Twenty-years in the making, 70 Acres in Chicago tells the story of the Cabrini Green public housing development located on the most hotly contested 70 acres of land in Chicago. With its prime central location, Cabrini Green was initially hailed as a public housing triumph, then more recently demonized as an urban disaster. It was demolished, bit and bit, beginning in 1995, and repackaged as a “mixed income” development. The mainly black residents of Cabrini were forced out, though there is still a remnant of Cabrini in the row houses. The few residents who were able to move into the highly relegated mixed income settlement, are negotiating through an unwelcoming cultural territory. These encounters, between the former Cabrini residents, and the new white middle-class homeowners comprise the very real tensions of a newly constructed community in transition. The film uses personal stories, expert commentary, and informative history to celebrate the spirit of a unique community and to mourn its betrayal and destruction. (Synopsis: Gene Siskel Film Center)

We began filming in 1995, during the fiery protests to save public housing. We gained the trust of the residents and they began sharing their stories of a close-knit, complicated community. Our camera followed their struggle to remain, culminating in moving vans and wrecking balls.

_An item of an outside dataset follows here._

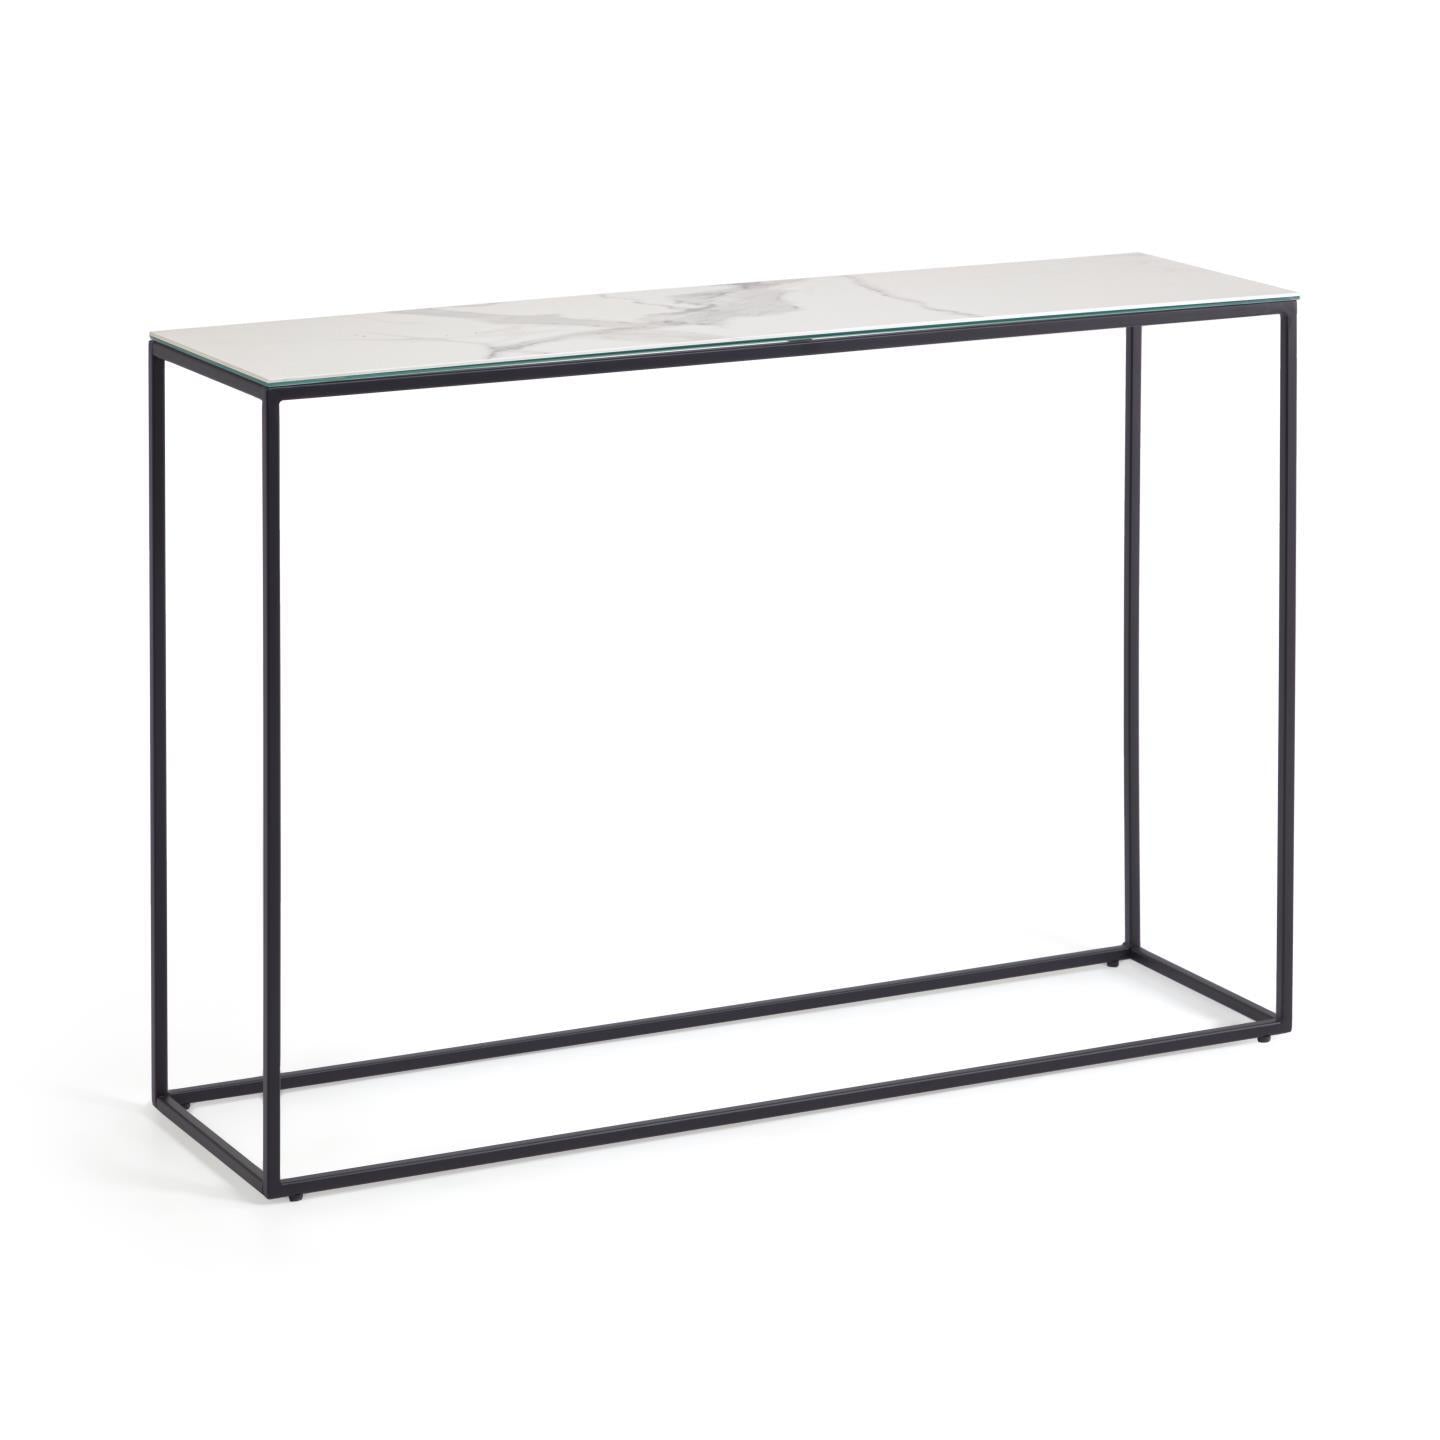 Rewena console table with Kalos Blanco porcelain top and steel structure, 110 x 75 cm

In 2001, we released Voices of Cabrini to honor their struggle. That film was very successful in helping to create dialogue about issues of race, class, and housing. However the last line of that short film was… “the story continues…”

We were not done yet, nor were the residents, nor was the story that was unfolding. We continued to film.

70 Acres in Chicago is not about saving Cabrini. Instead, this film follows the redevelopment story over the following two decades, as families struggle with the impact of social engineering on their community and personal lives. By putting faces to the story of a mixed-income community, and documenting how people negotiate questionable political policy, the film provides a lens for analyzing the larger picture of economic and racial injustice. Yet it is the people of the Cabrini Green community that stay in sharp focus.

A startling case study into the making and destruction of one of Chicago’s most infamous public housing projects.”